## DIRECTIONS
The pictures are to be left out when the listing below is reproduced word for word.

## MATERIAL PROVIDED
↓↓↓

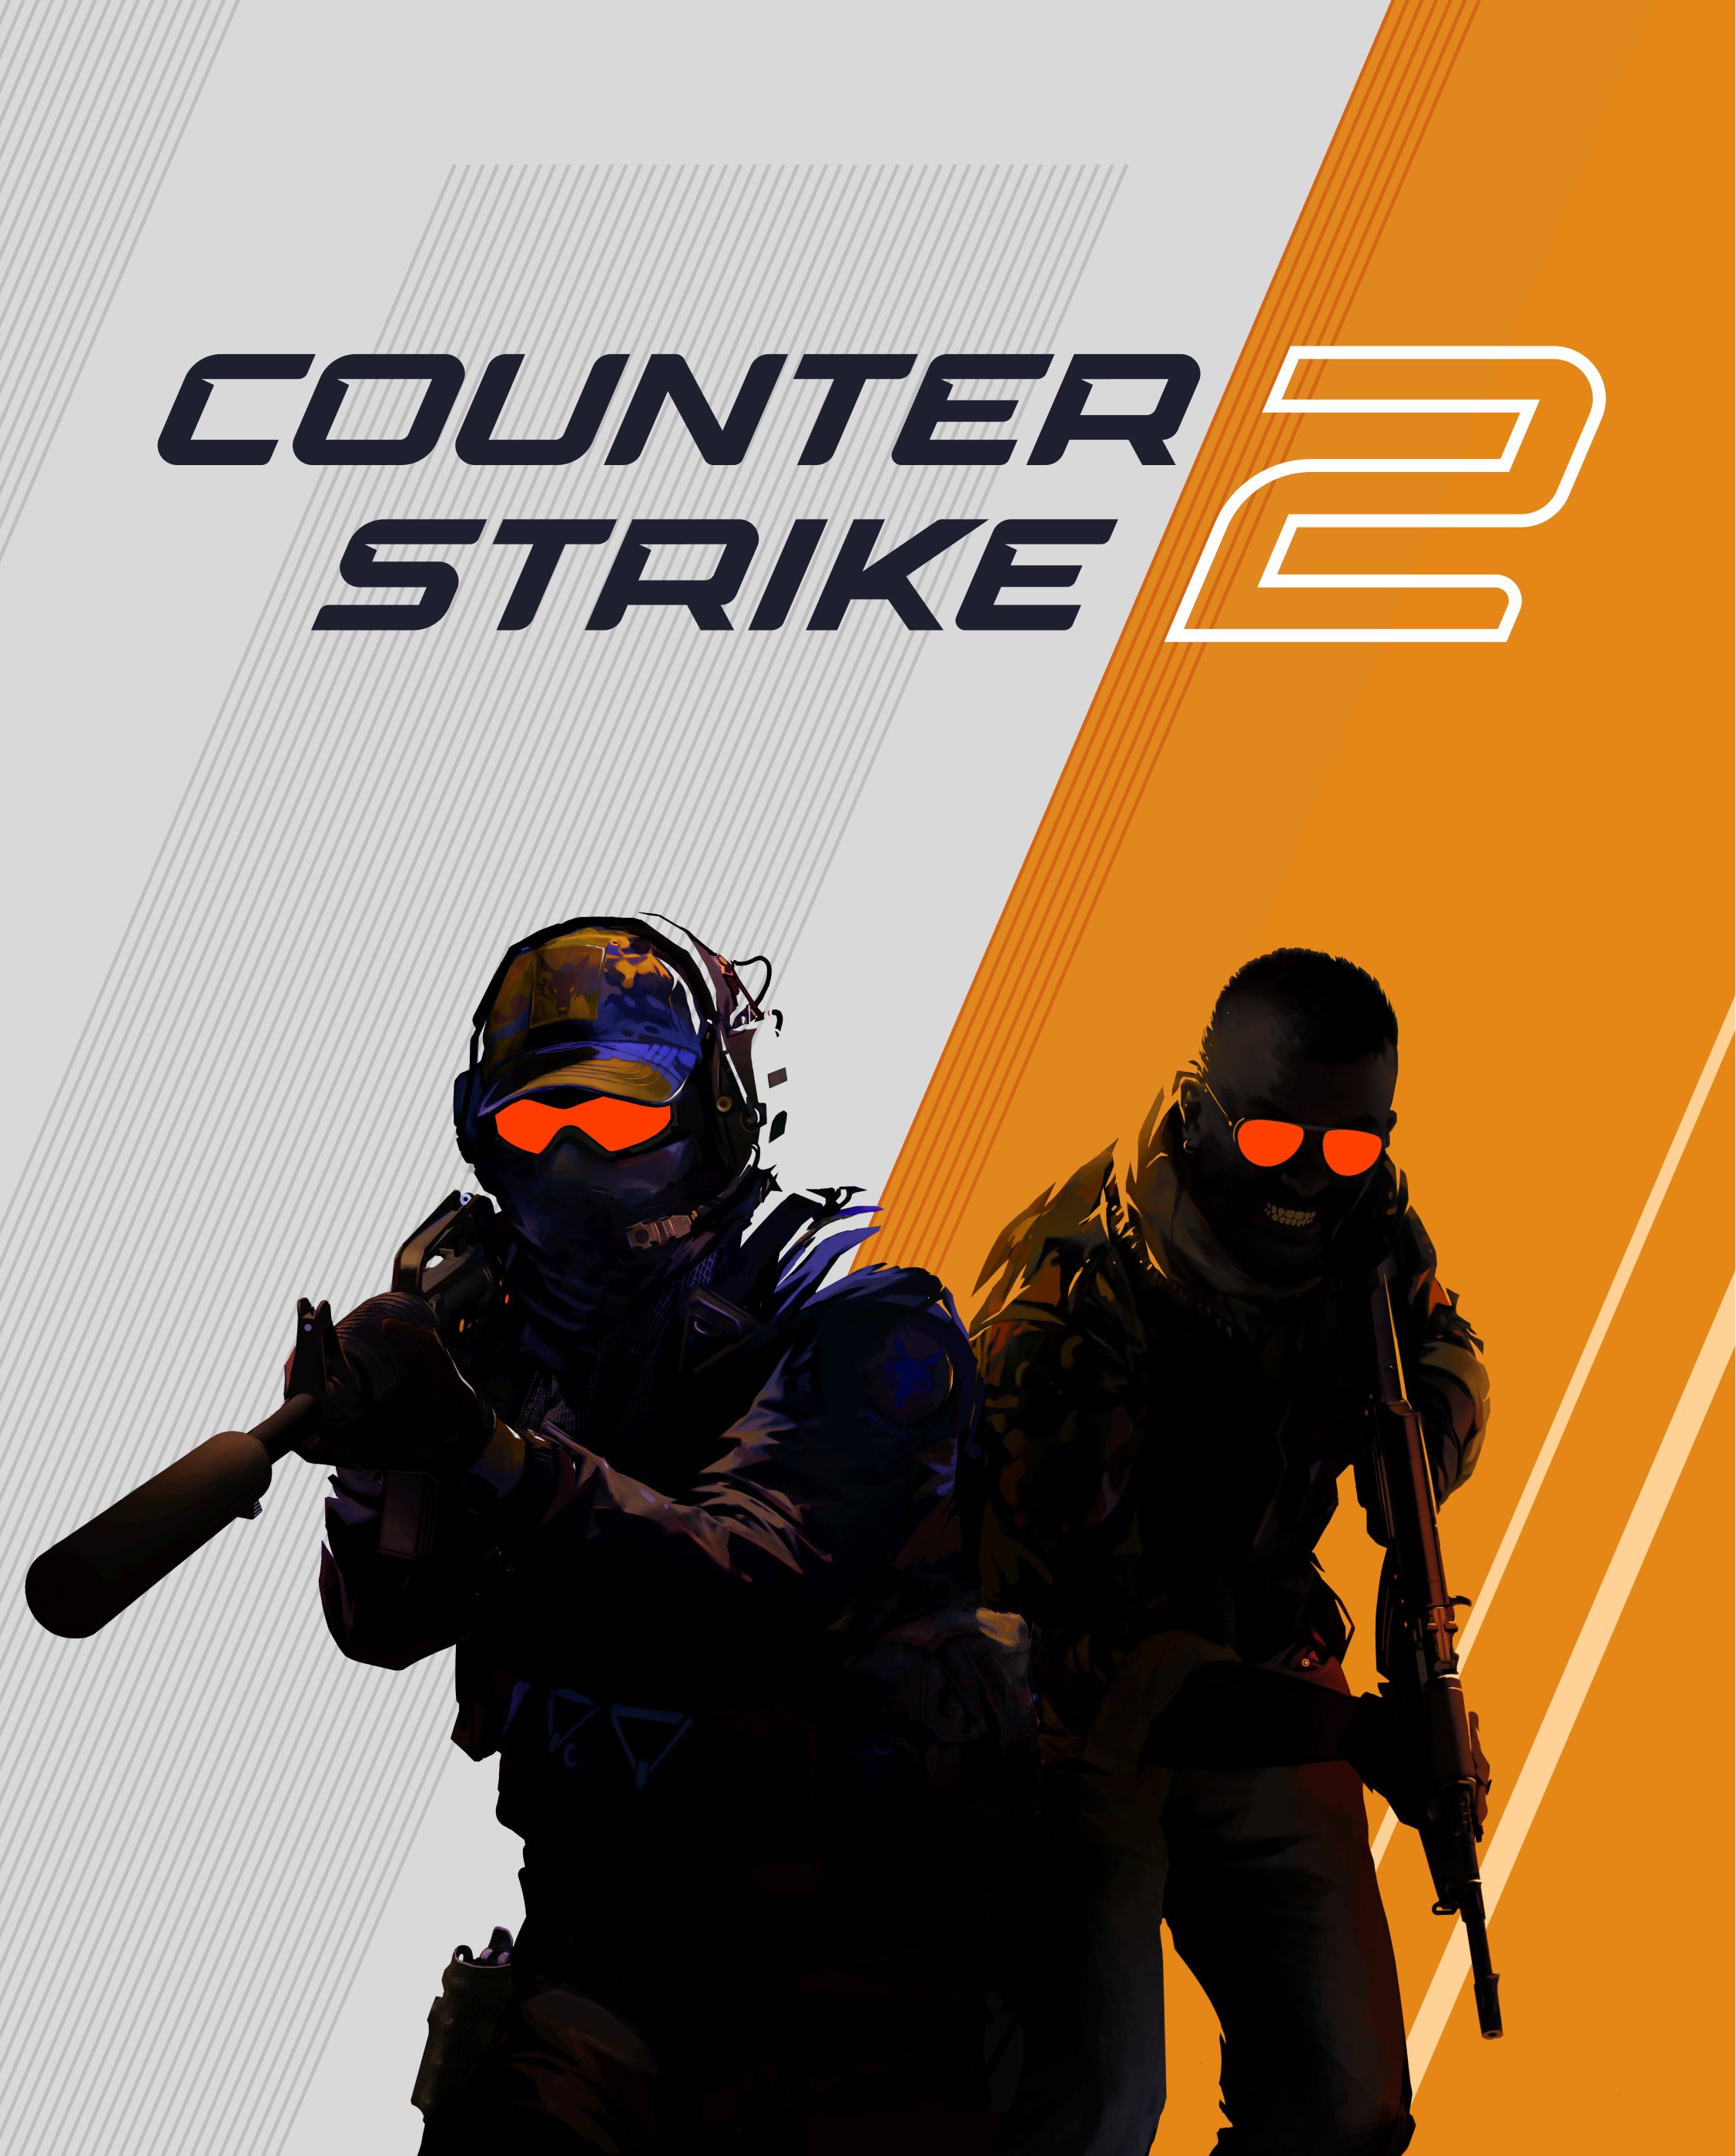 Counter-Strike 2 announced, coming summer 2023 - Polygon
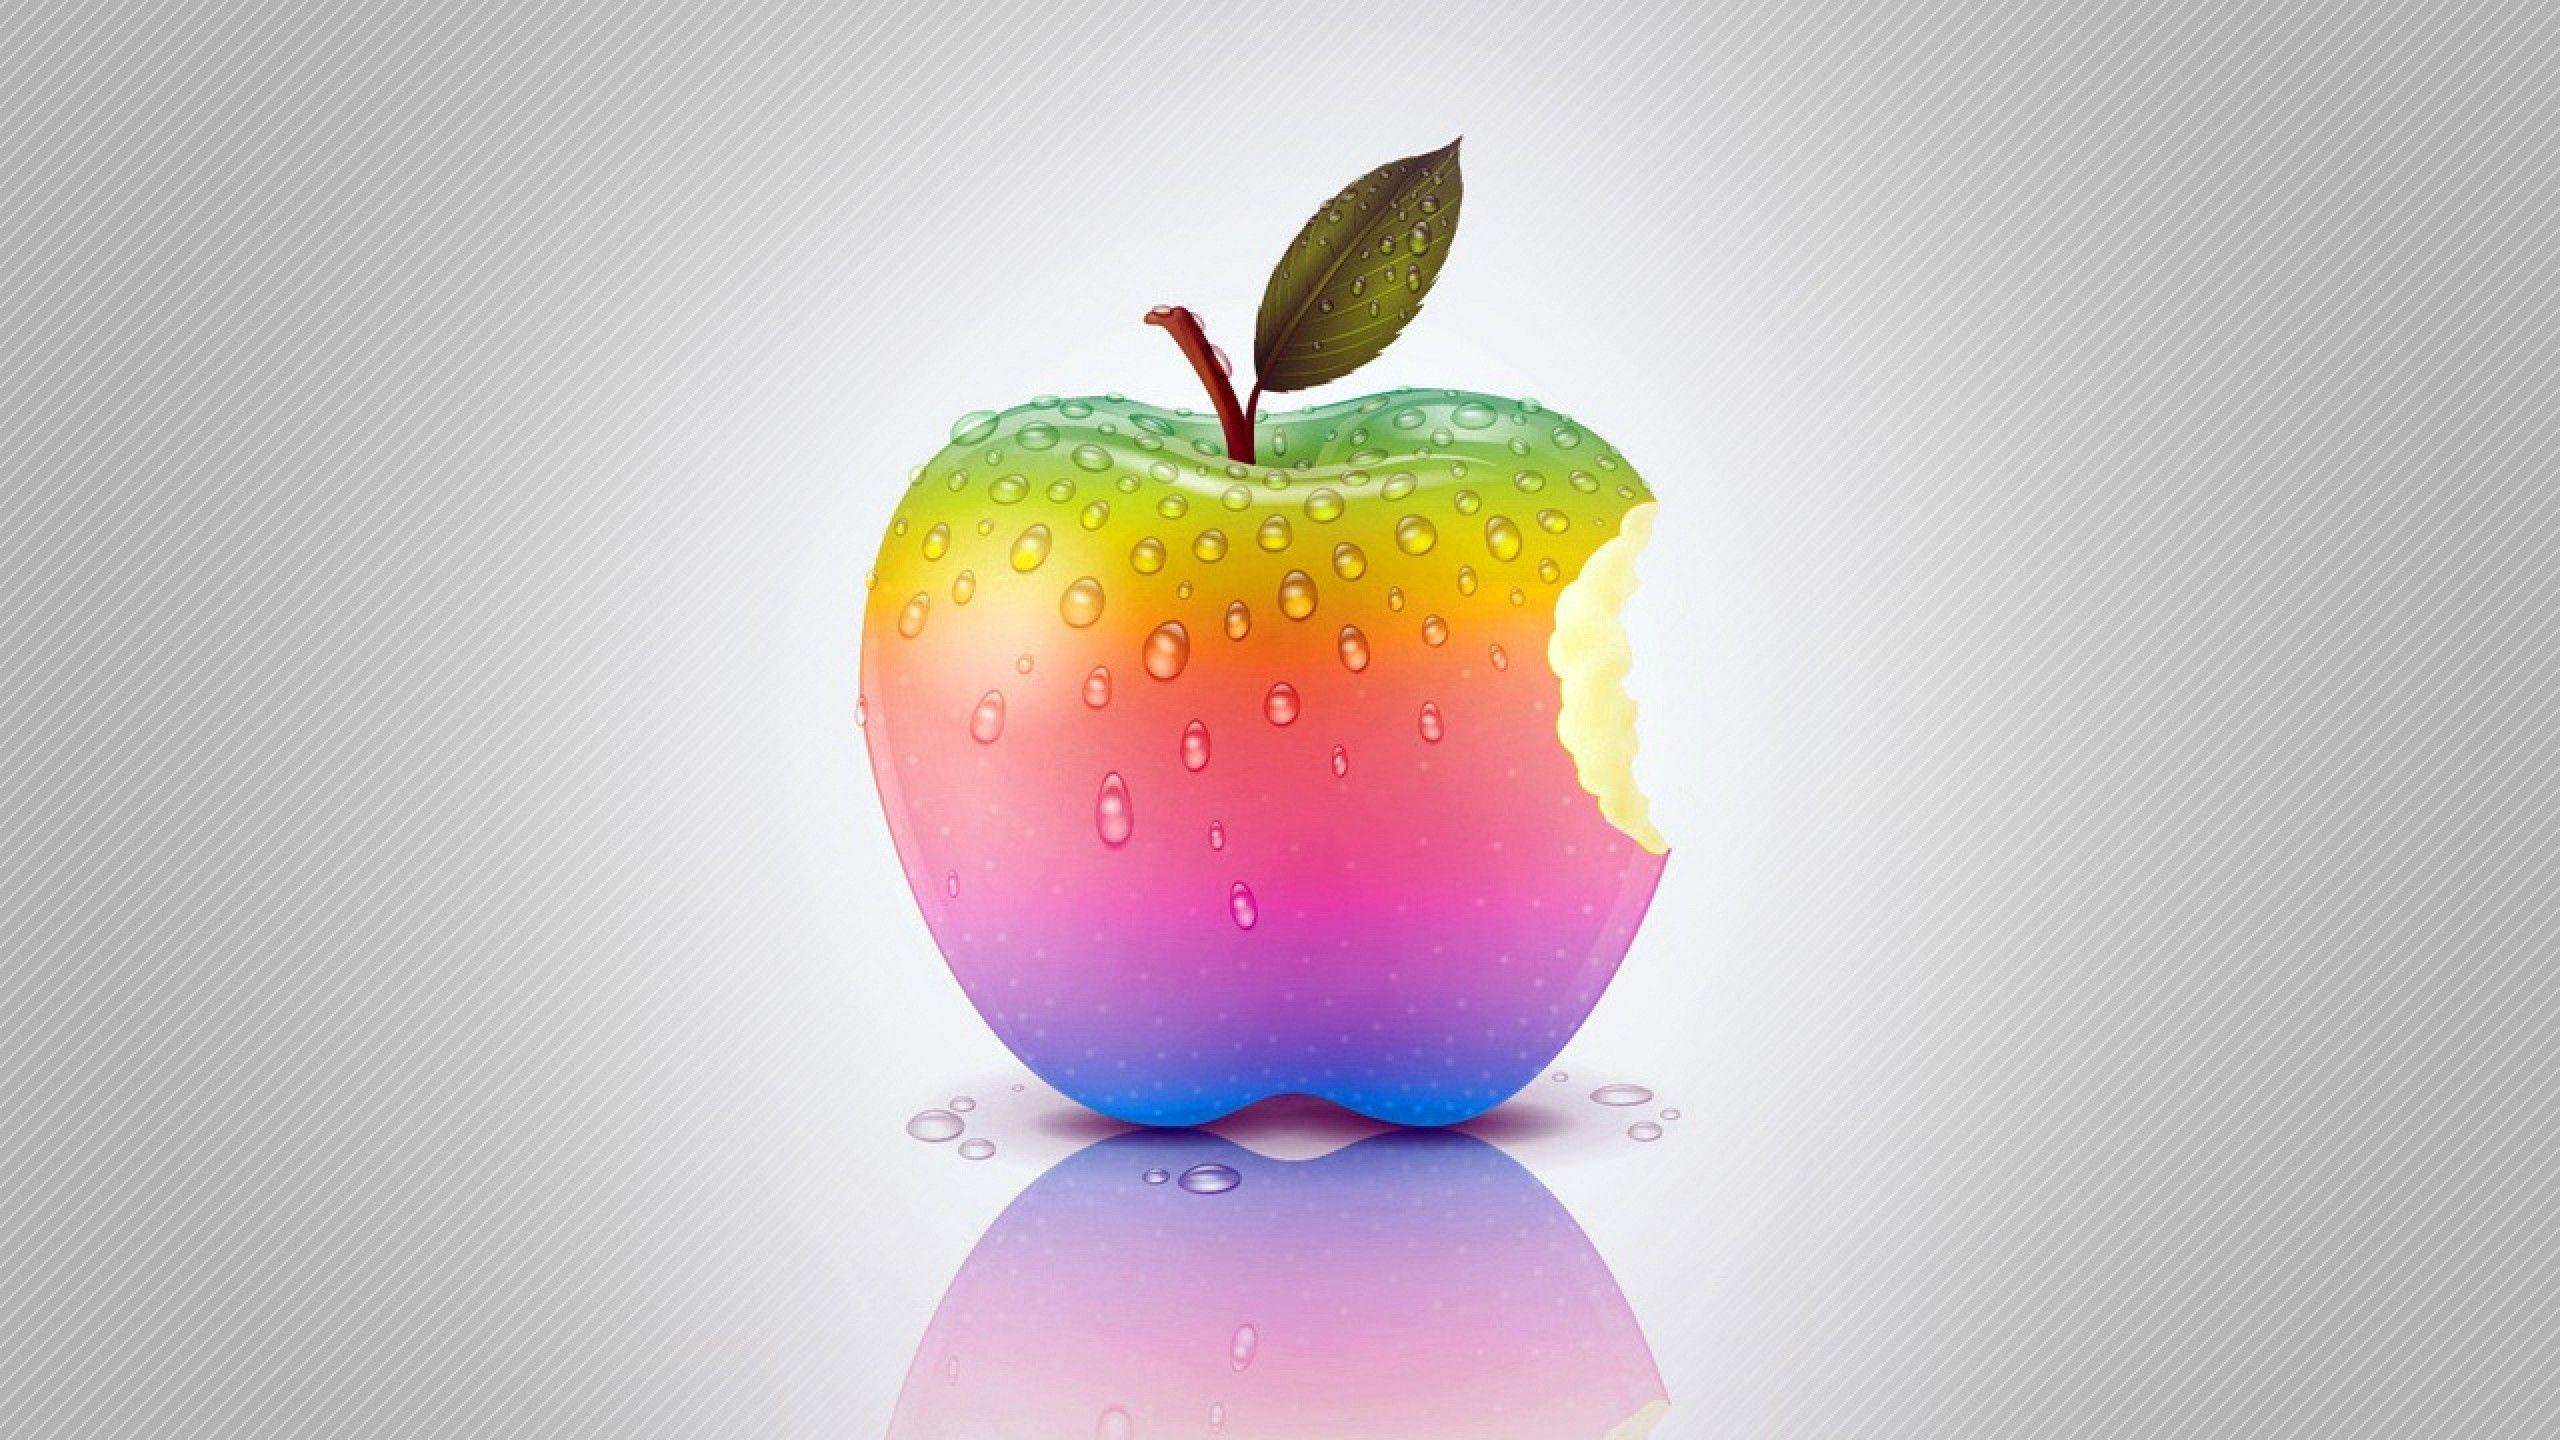 Colorful Apple Wallpaper Wide or HDD Wallpaper
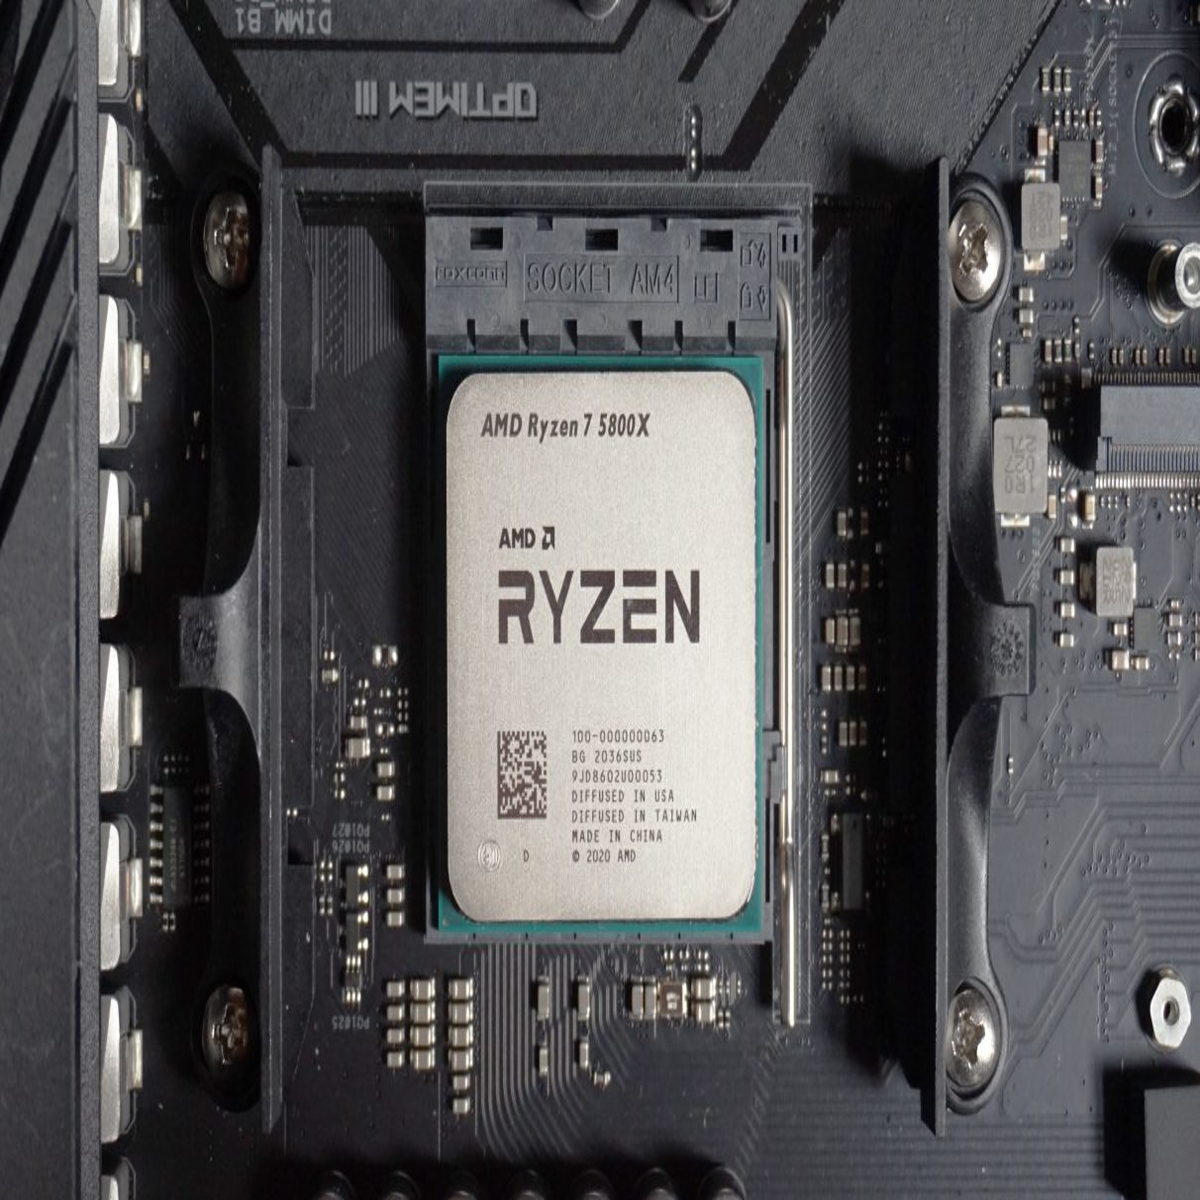 Black Friday is here, and you can save on AMD's powerful Ryzen 7 5800X CPU.

↑↑↑

## TASK RESULT
 Counter-Strike 2 announced, coming summer 2023 - Polygon
 Colorful Apple Wallpaper Wide or HDD Wallpaper
 Black Friday is here, and you can save on AMD's powerful Ryzen 7 5800X CPU.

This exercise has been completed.